- WORK TO COMPLETE -
Every line from the one with "A peeking dog. | Source: Pexels" through the last line below should be repeated exactly; pictures stay out of the copy.

- DATASET EXTRACT -
'''

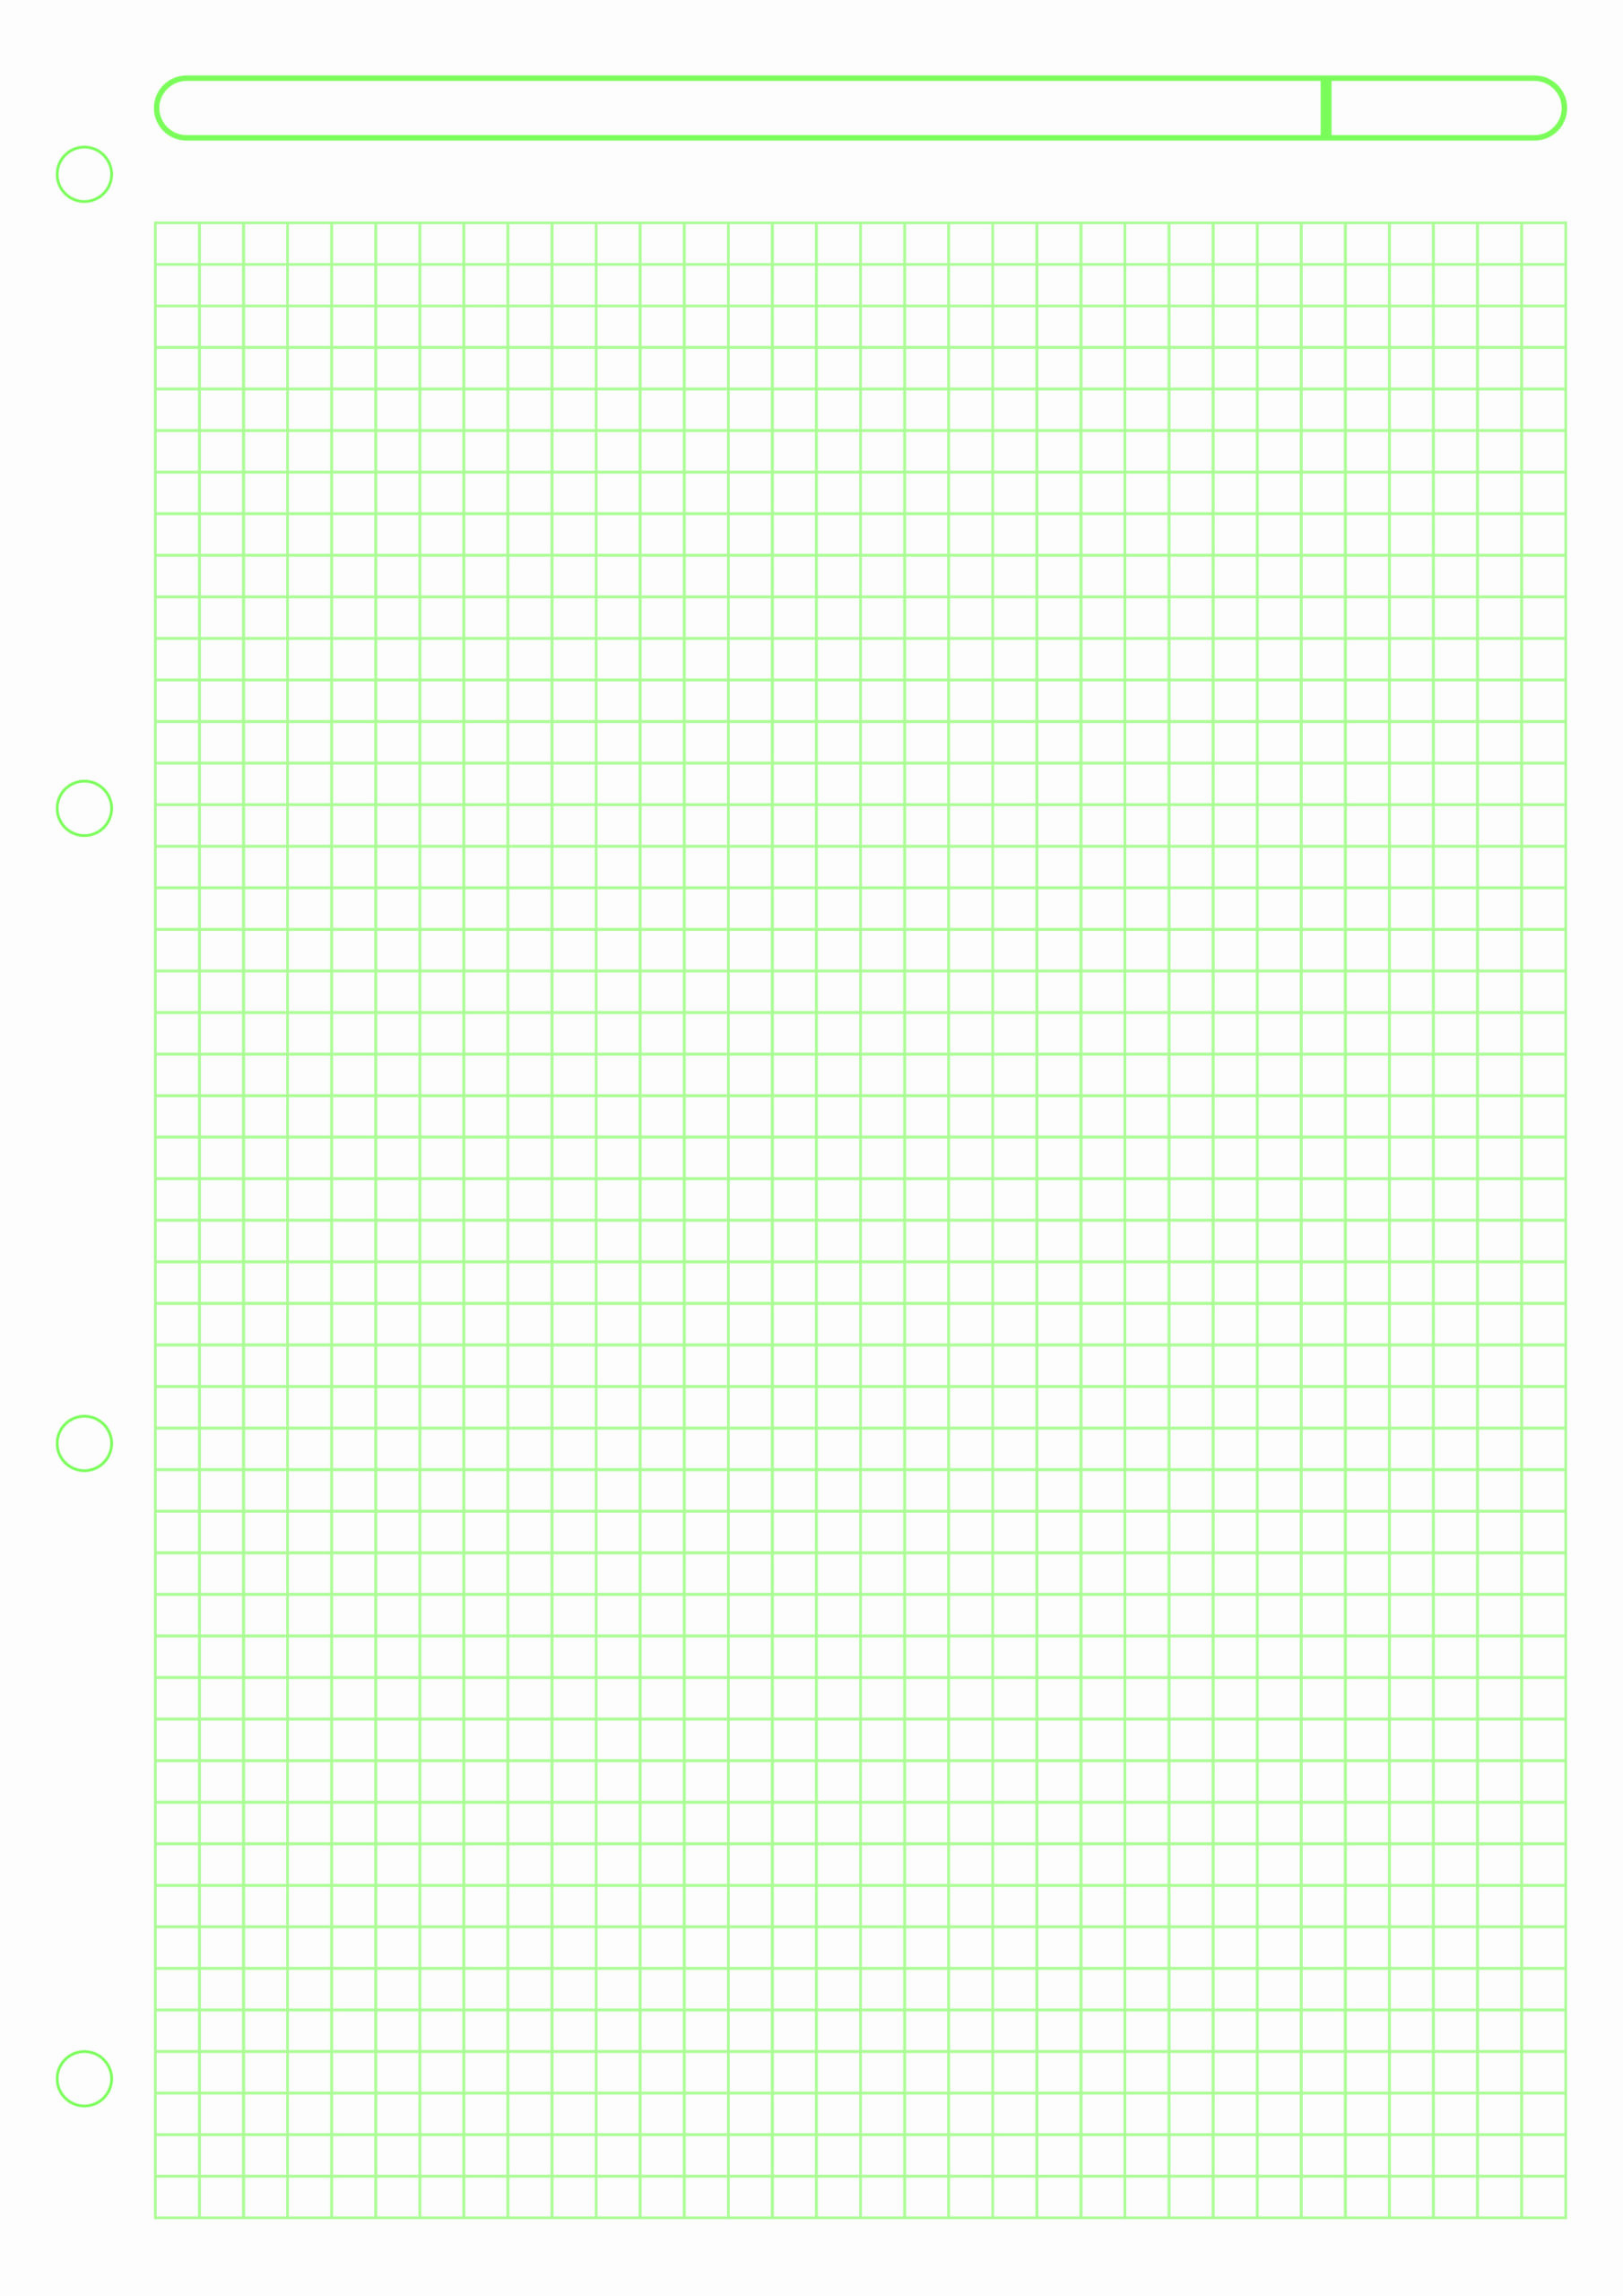 Grid paper Printable
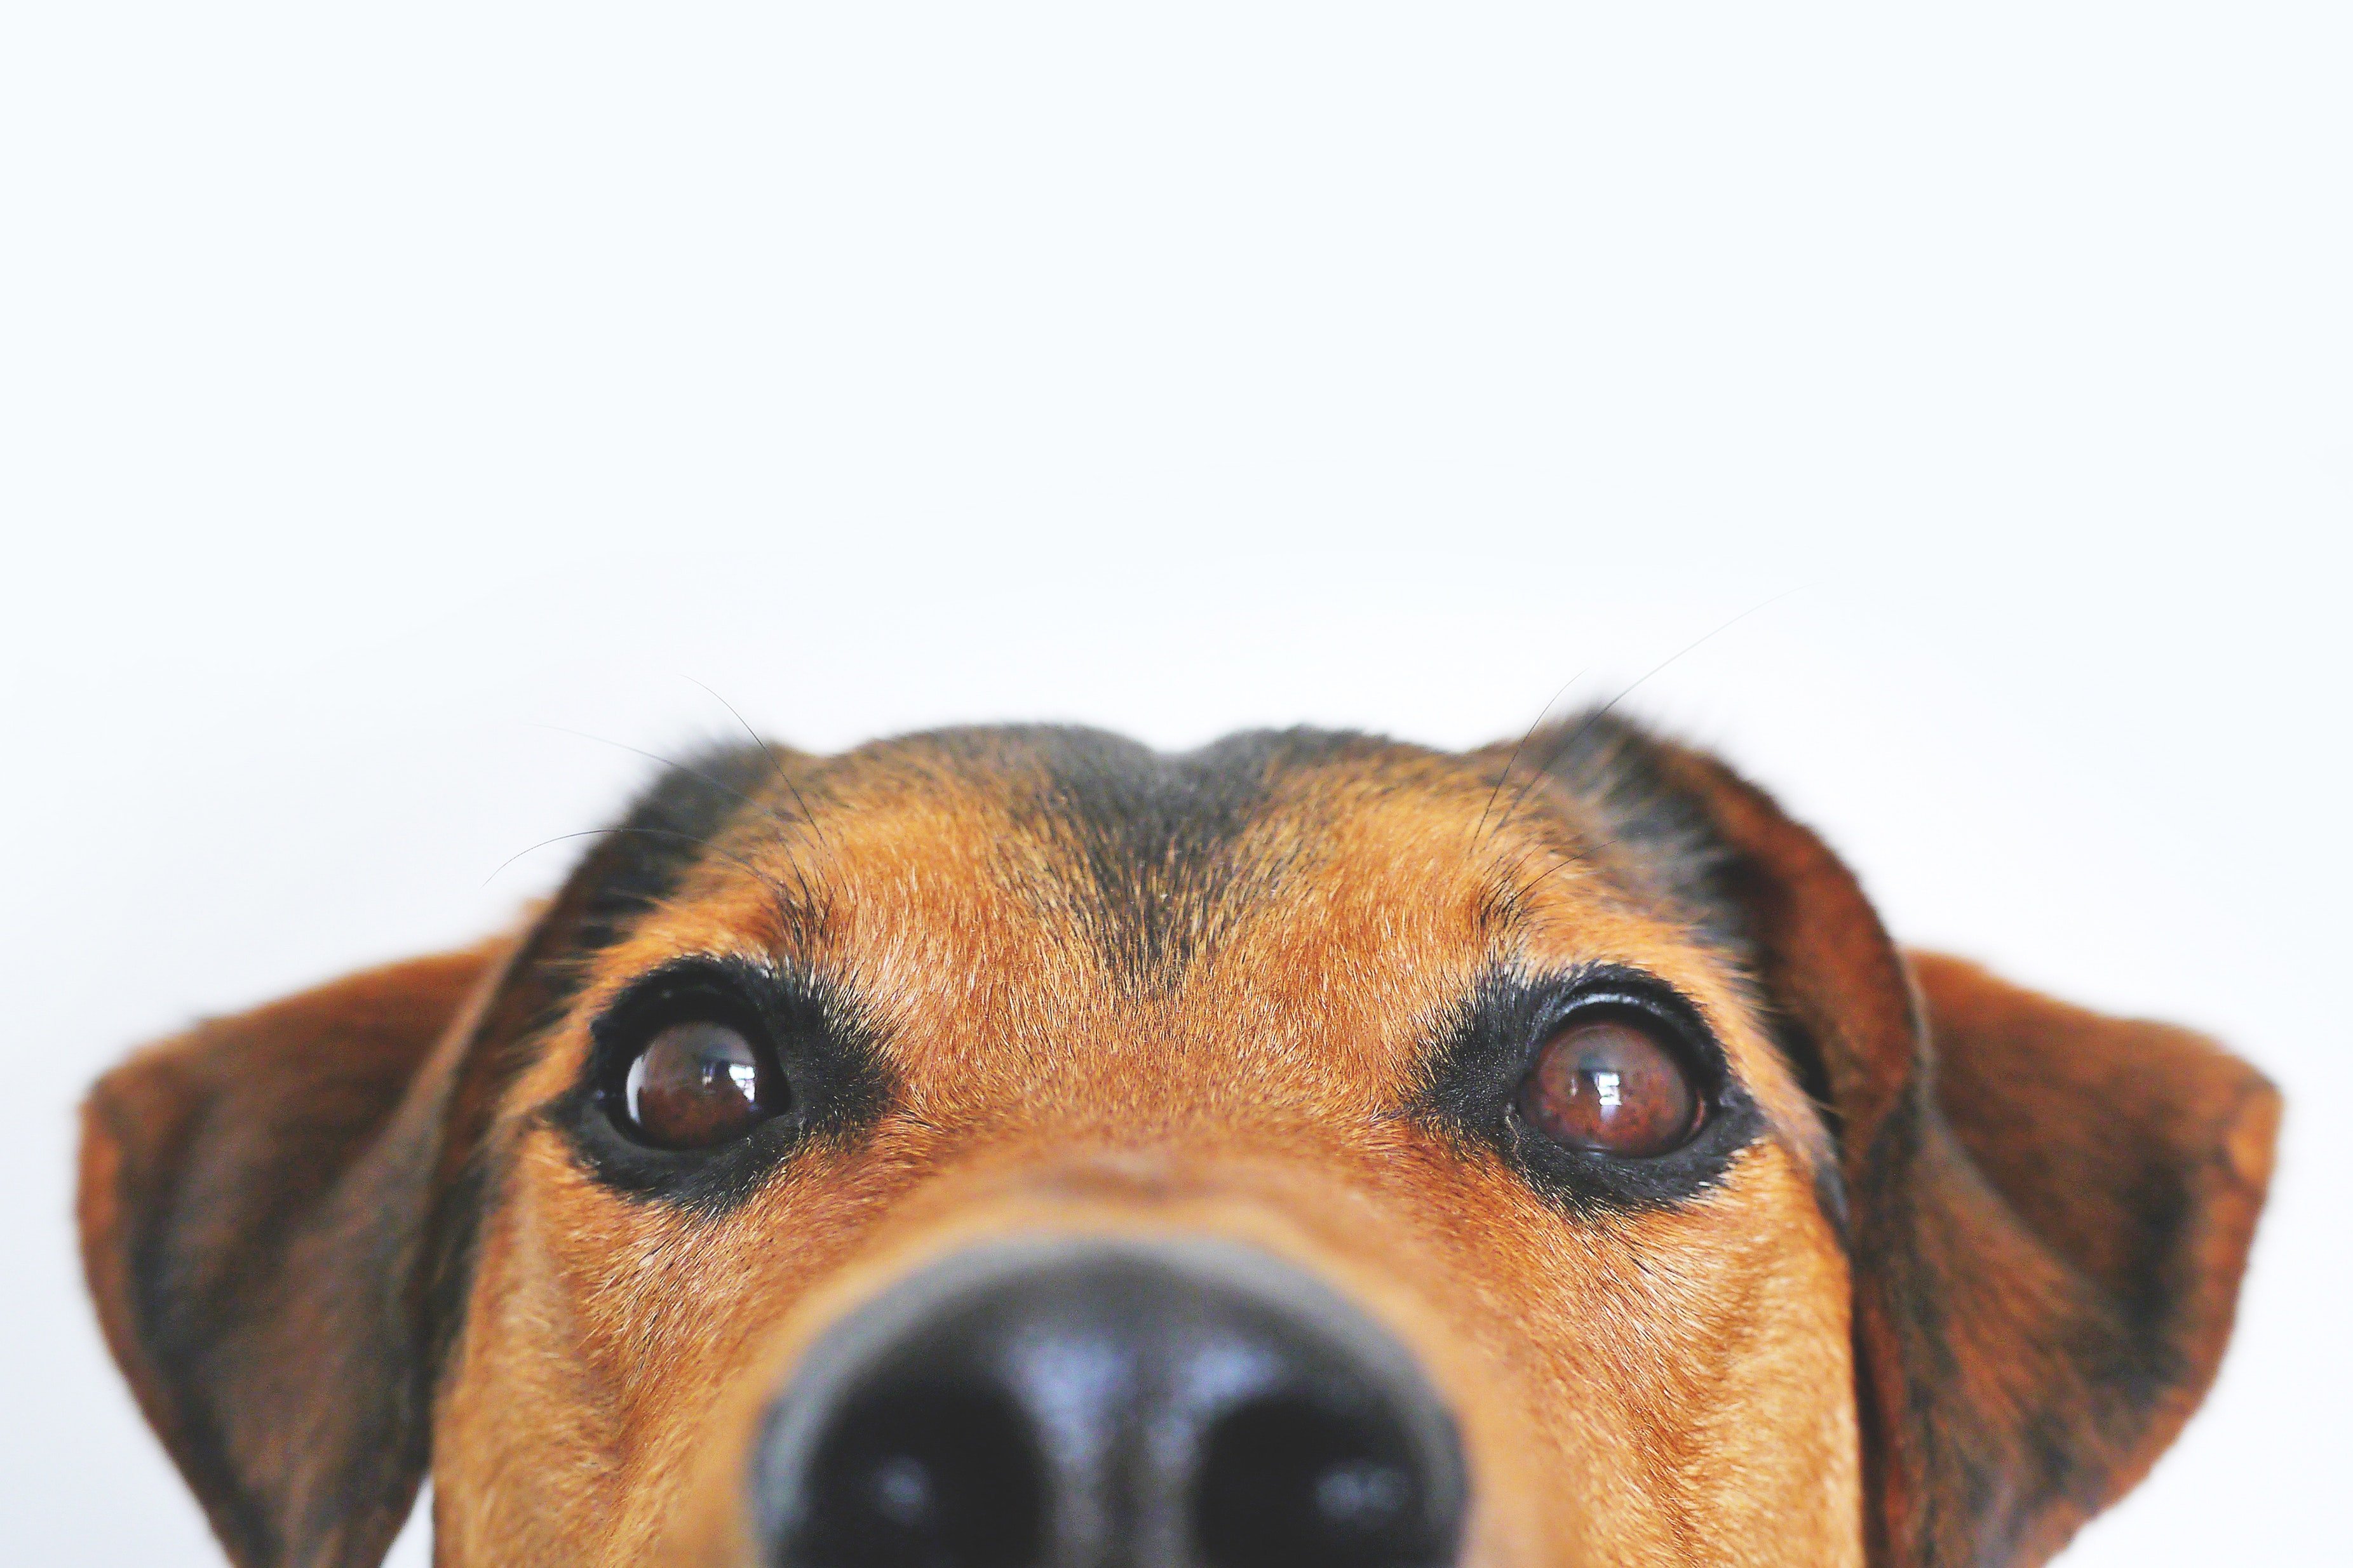 A peeking dog. | Source: Pexels
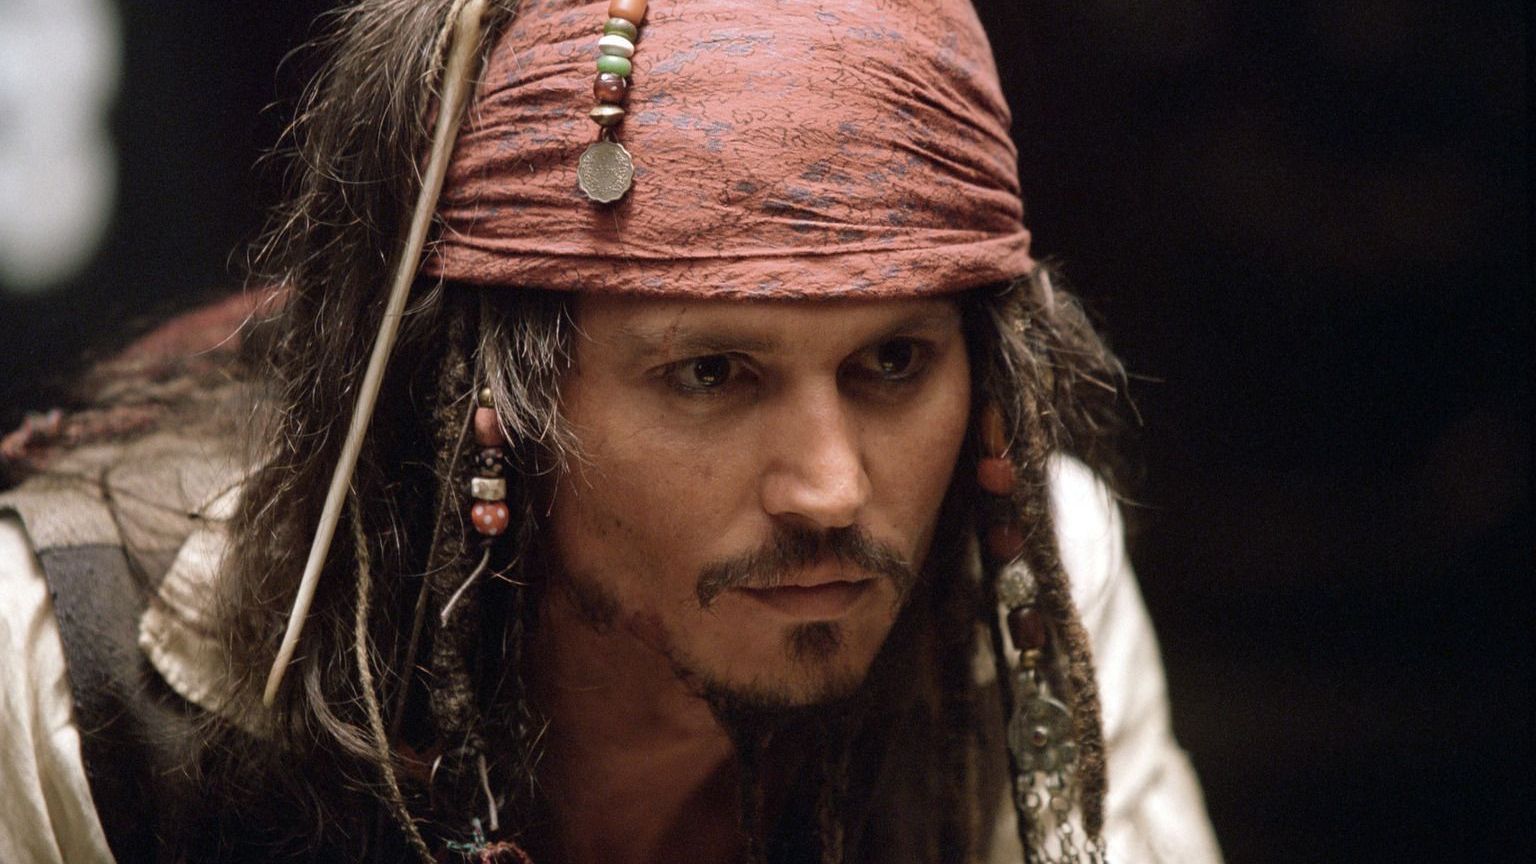 Die Suche nach einem neuen Schiff führt den Piraten Captain Jack Sparrow (Johnny Depp) nach Port Royal, wo er sich mit einem neuen Schiff, der Inter... (Kopie)

'''

- SOLVED EXERCISE -
 A peeking dog. | Source: Pexels
 Die Suche nach einem neuen Schiff führt den Piraten Captain Jack Sparrow (Johnny Depp) nach Port Royal, wo er sich mit einem neuen Schiff, der Inter... (Kopie)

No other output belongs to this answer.